Students at UC Berkeley turned an open-source large language model (LLM) without reasoning capabilities into a “reasoning” one. This dramatically improved the model's capabilities and only cost around $450 of compute. However, the process needed to borrow knowledge from a much better LLM.
NovaSky, a student-led initiative at UC Berkeley’s Sky Computing Lab, claims its improved open-source thinking model is on par with the o1-preview, a large language model (LLM) with capable reasoning capabilities from OpenAI.
The students finetuned Qwen2.5-32B-Instruct, a popular open-source model developed by Alibaba Cloud, and openly shared their code.
“It is possible to replicate high-level reasoning capabilities affordably and efficiently,” the team said in its post.
It only took 19 hours of training on 8 H100 GPUs, which would cost around $450, according to Lambda Cloud pricing.
The released ‘reasoning’ model was called Sky-T1-32B-Preview. The team says it significantly improves scores on various math, coding, and science benchmarks, often adding double-digit percentage points.

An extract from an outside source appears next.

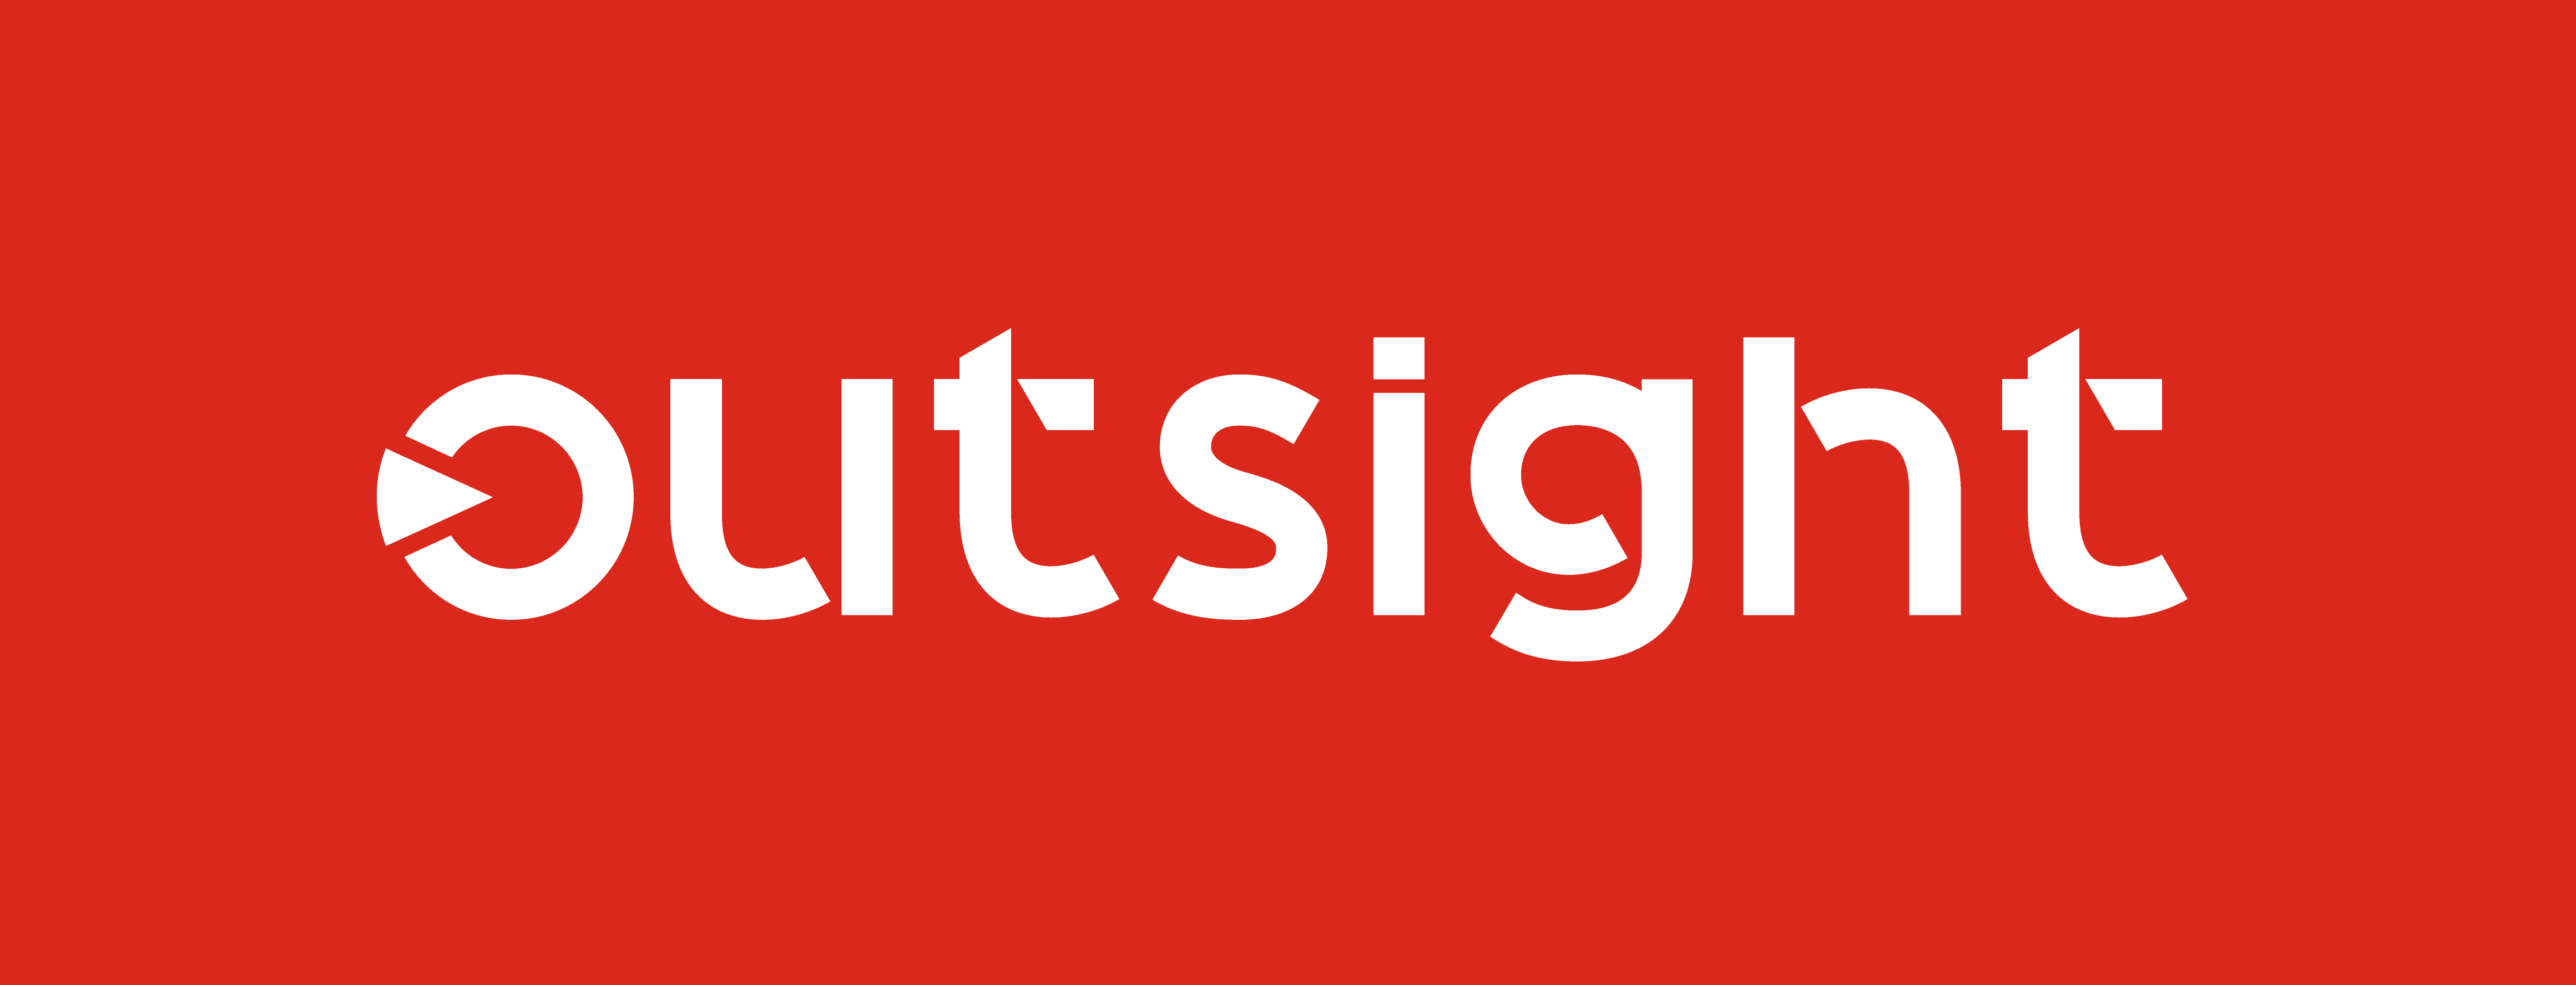 Insights | Outsight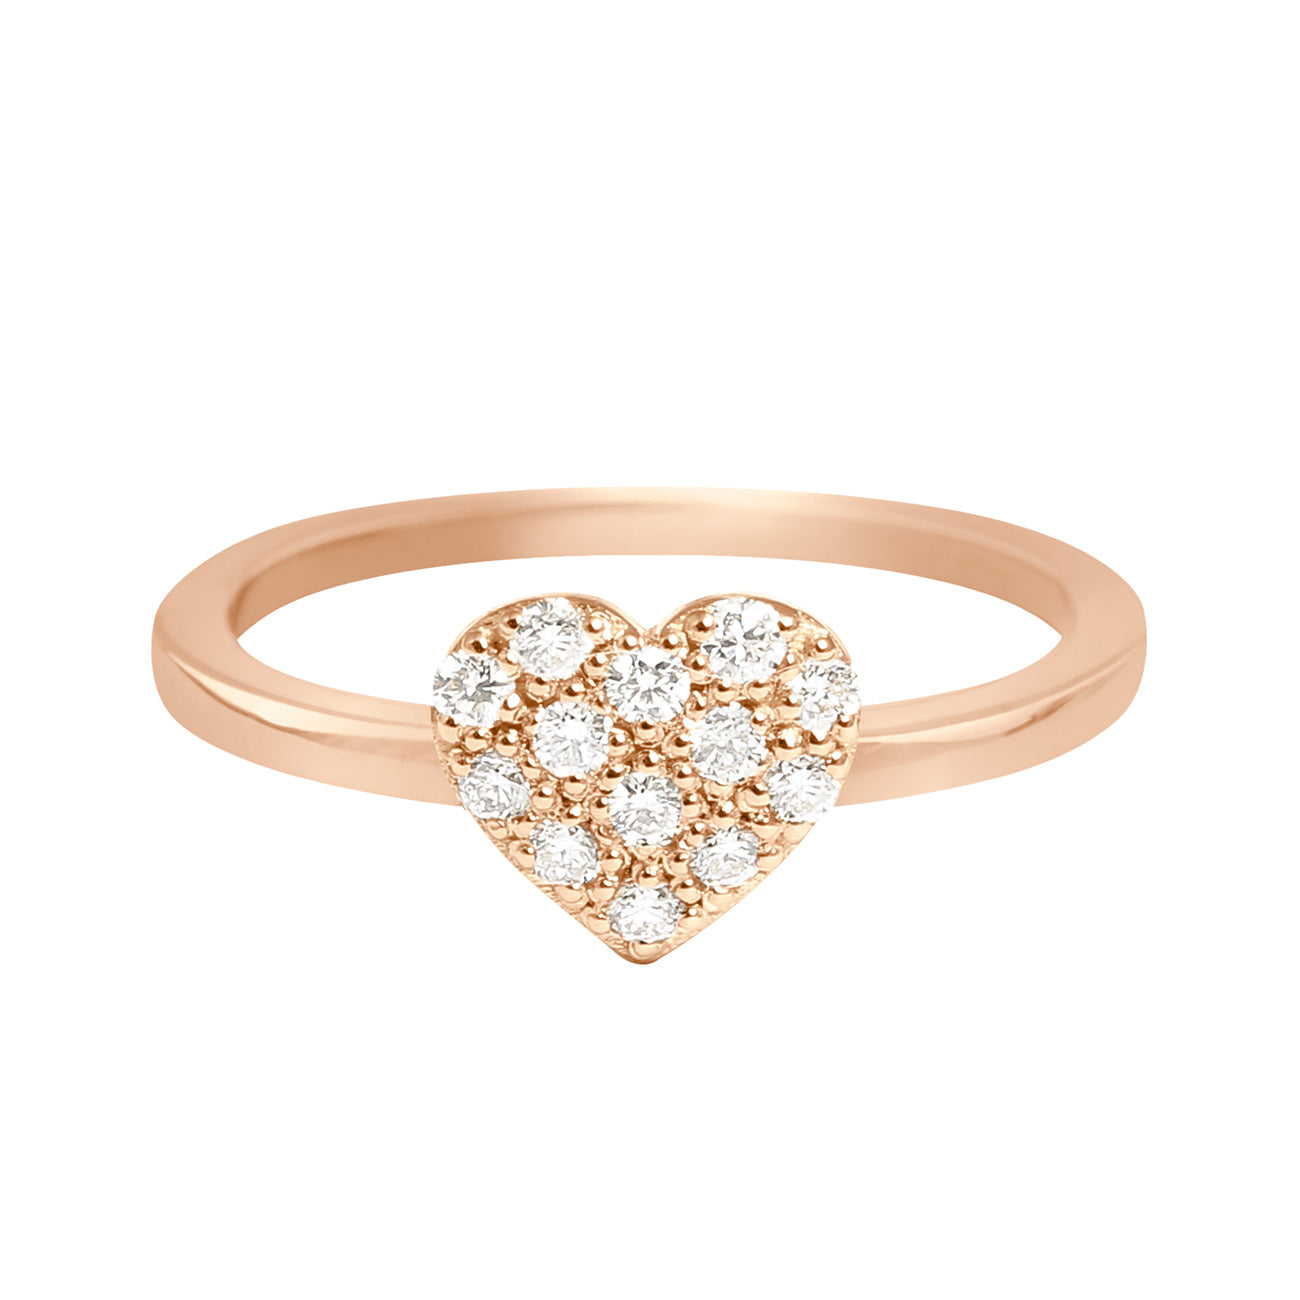 Gigi Clozeau - In Love Diamond Ring, Rose Gold, Size 5.75

For example, the team’s model achieved 56.8% at the GPQA-Diamond benchmark, 43.3% at Aime2024, and 86.4% at Math500. The base Qwen model had 45.5%, 16.7%, and 76.2%, respectively.

However, its model was trained on borrowed knowledge from an existing smarter model.
The team used the ‘reasoning’ model from Alibaba, QwQ-32B-Preview, to generate training data. QwQ is already similar in performance to o1-preview.
The team said it curated the data mixture to cover diverse domains and even edited it again with another AI model to improve quality and ease parsing. However, the Sky-T1-32B-Preview didn’t beat the QwQ model, from which it borrowed training data.
“Sky-T1-32B-Preview marks the start of our journey to develop open-sourced models with advanced reasoning capabilities,” the students from NovaSky Team believe.
The team collaborated with the Qwen and Still-2 Teams and received compute support from Lambda Labs and Anyscale.
Moving forward, it plans to focus on developing “more efficient models that maintain strong reasoning performance and exploring advanced techniques that further enhance the models’ efficiency and accuracy at test time.”